Copy each line of the data below exactly, leaving out pictures.

:: Recorded information

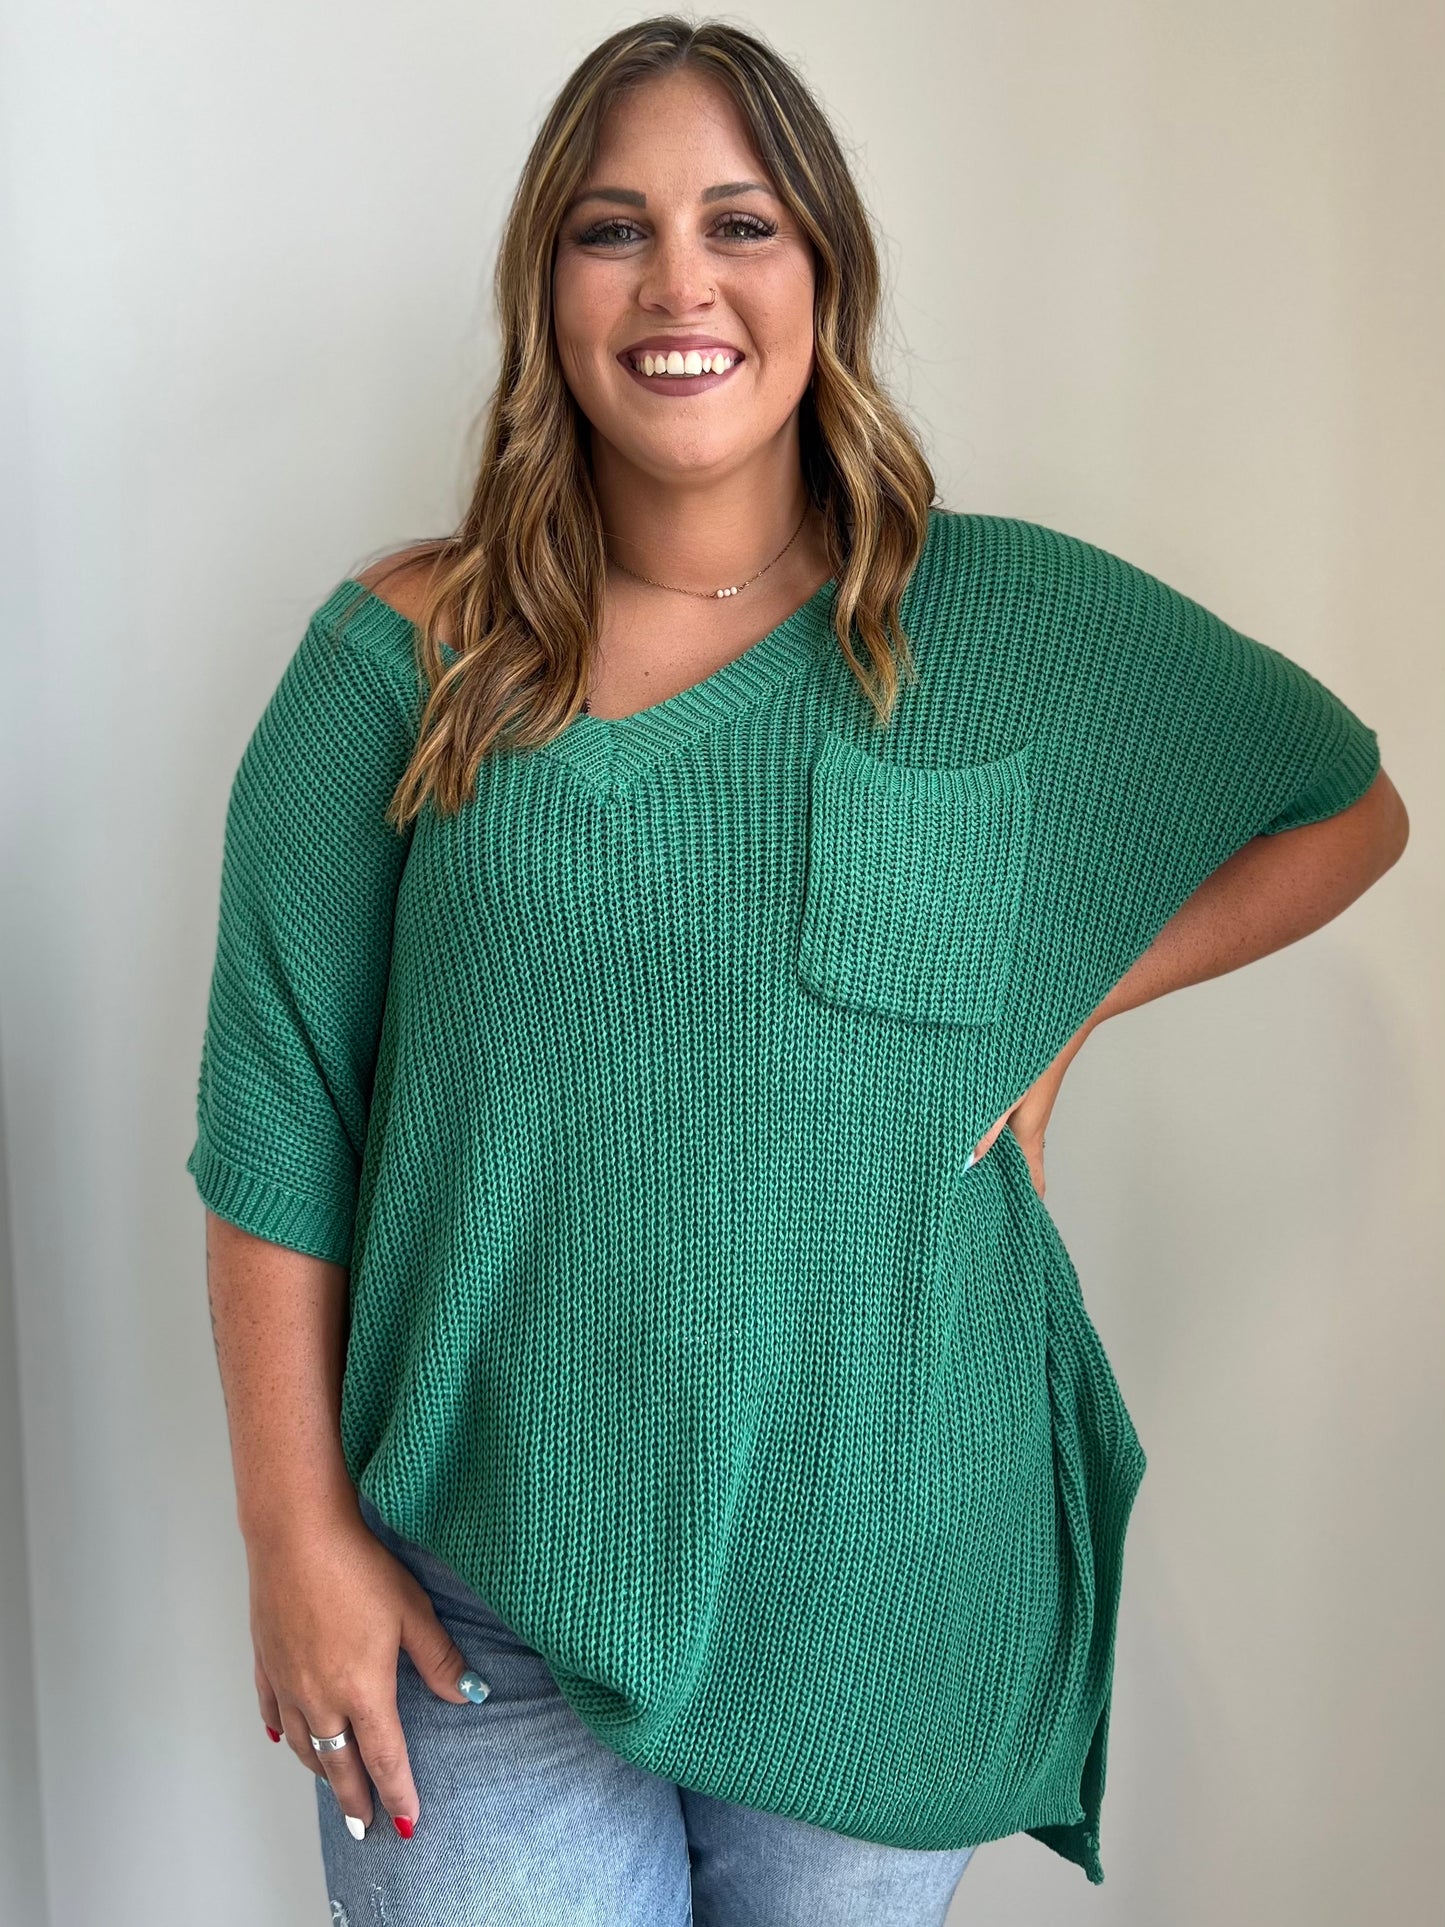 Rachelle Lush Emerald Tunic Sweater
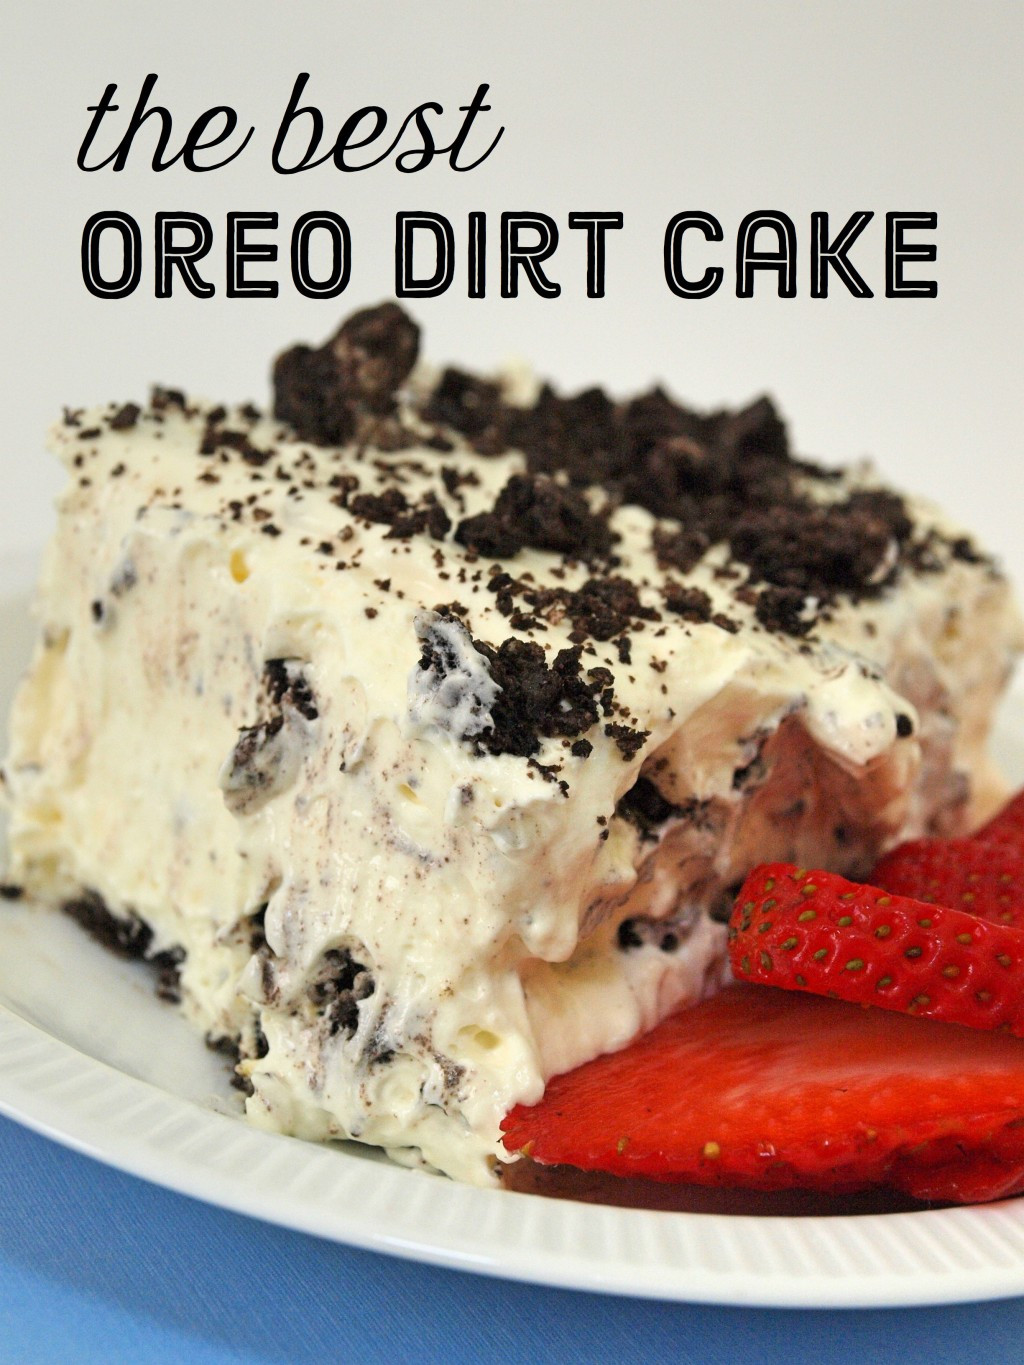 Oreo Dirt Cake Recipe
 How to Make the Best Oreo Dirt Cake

::::

= Exercise answer =
 Rachelle Lush Emerald Tunic Sweater
 Oreo Dirt Cake Recipe
 How to Make the Best Oreo Dirt Cake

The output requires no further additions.